Glacier National Park Conservancy
- Abbreviation: GNPC
- Formation: January 1, 2013; 13 years ago
- Merger of: Glacier National Park Fund; Glacier Natural History Association
- Type: 501(c)(3) Foundation
- Tax ID no.: 56-2579734
- Legal status: 501(c)(3)
- Purpose: Fundraising
- Headquarters: Columbia Falls, Montana
- Location: United States;
- Board Chair: Margaret Notley
- Executive Director: Doug Mitchell
- Website: https://glacier.org/

= Glacier National Park Conservancy =

Montana non-profit fundraising organization

The Glacier National Park Conservancy was established on January 1, 2013, from a merger of the Glacier National Park Fund (established in 1999) and the Glacier Association (established in 1941).
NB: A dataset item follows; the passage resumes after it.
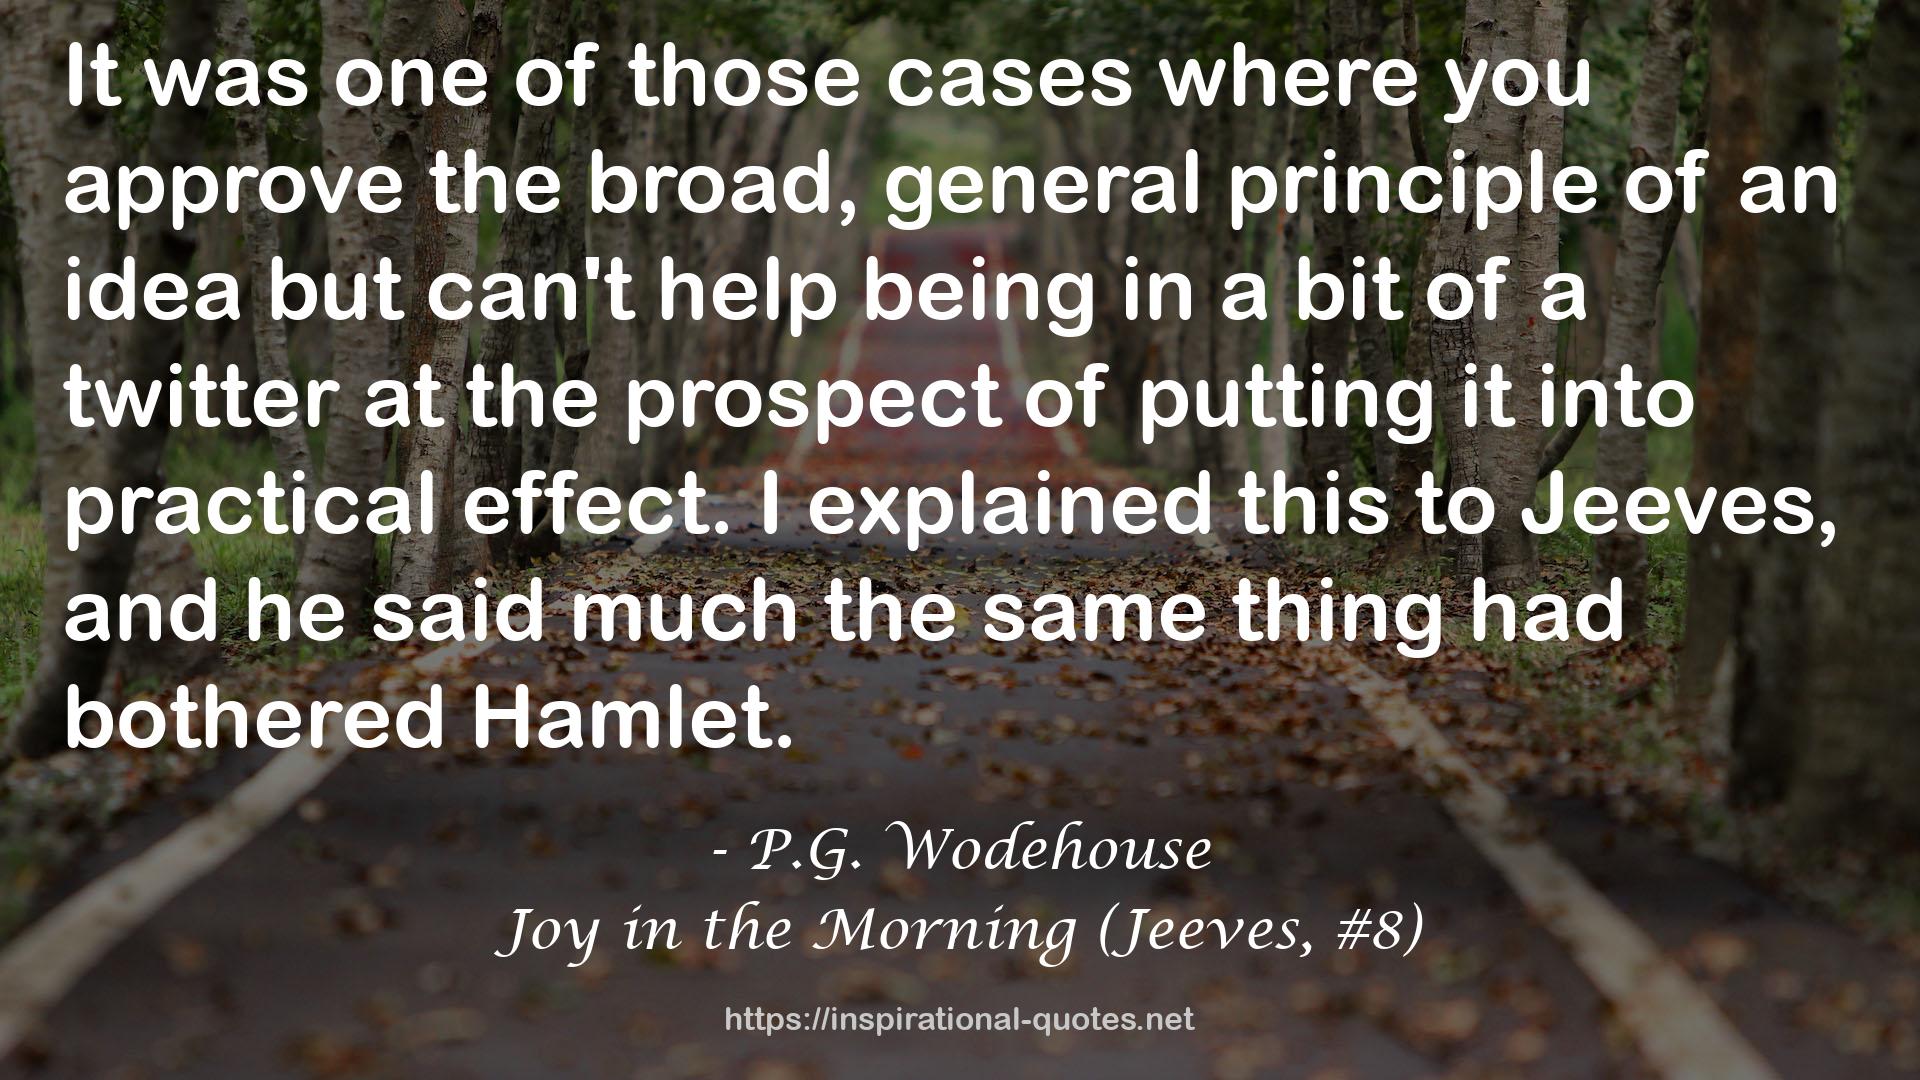 Joy in the Morning (Jeeves, #8) QUOTES

The Glacier National Park Fund previously operated as a non-profit fundraising organization whose main goal was to raise money to support various needs of Glacier National Park, headquartered in West Glacier, Montana. In its history, the Glacier National Park Fund raised 3.5 million dollars. The Glacier Association was founded in 1941 and incorporated in 1946 and provided funding from receipts received from book and merchandise sales at not only Glacier National park bookstores and visitor centers, but at other federal facilities including Flathead National Forest, Grant-Kohrs Ranch National Historic Site, and the Big Hole National Battlefield, all of which are located in the state of Montana.

The Glacier National Park Conservancy has provided funding for educational programs, the construction of handicapped accessible trails, updating facilities and for restoration of historic structures such as when the Sperry Chalet was nearly destroyed by the Sprague Fire in 2017.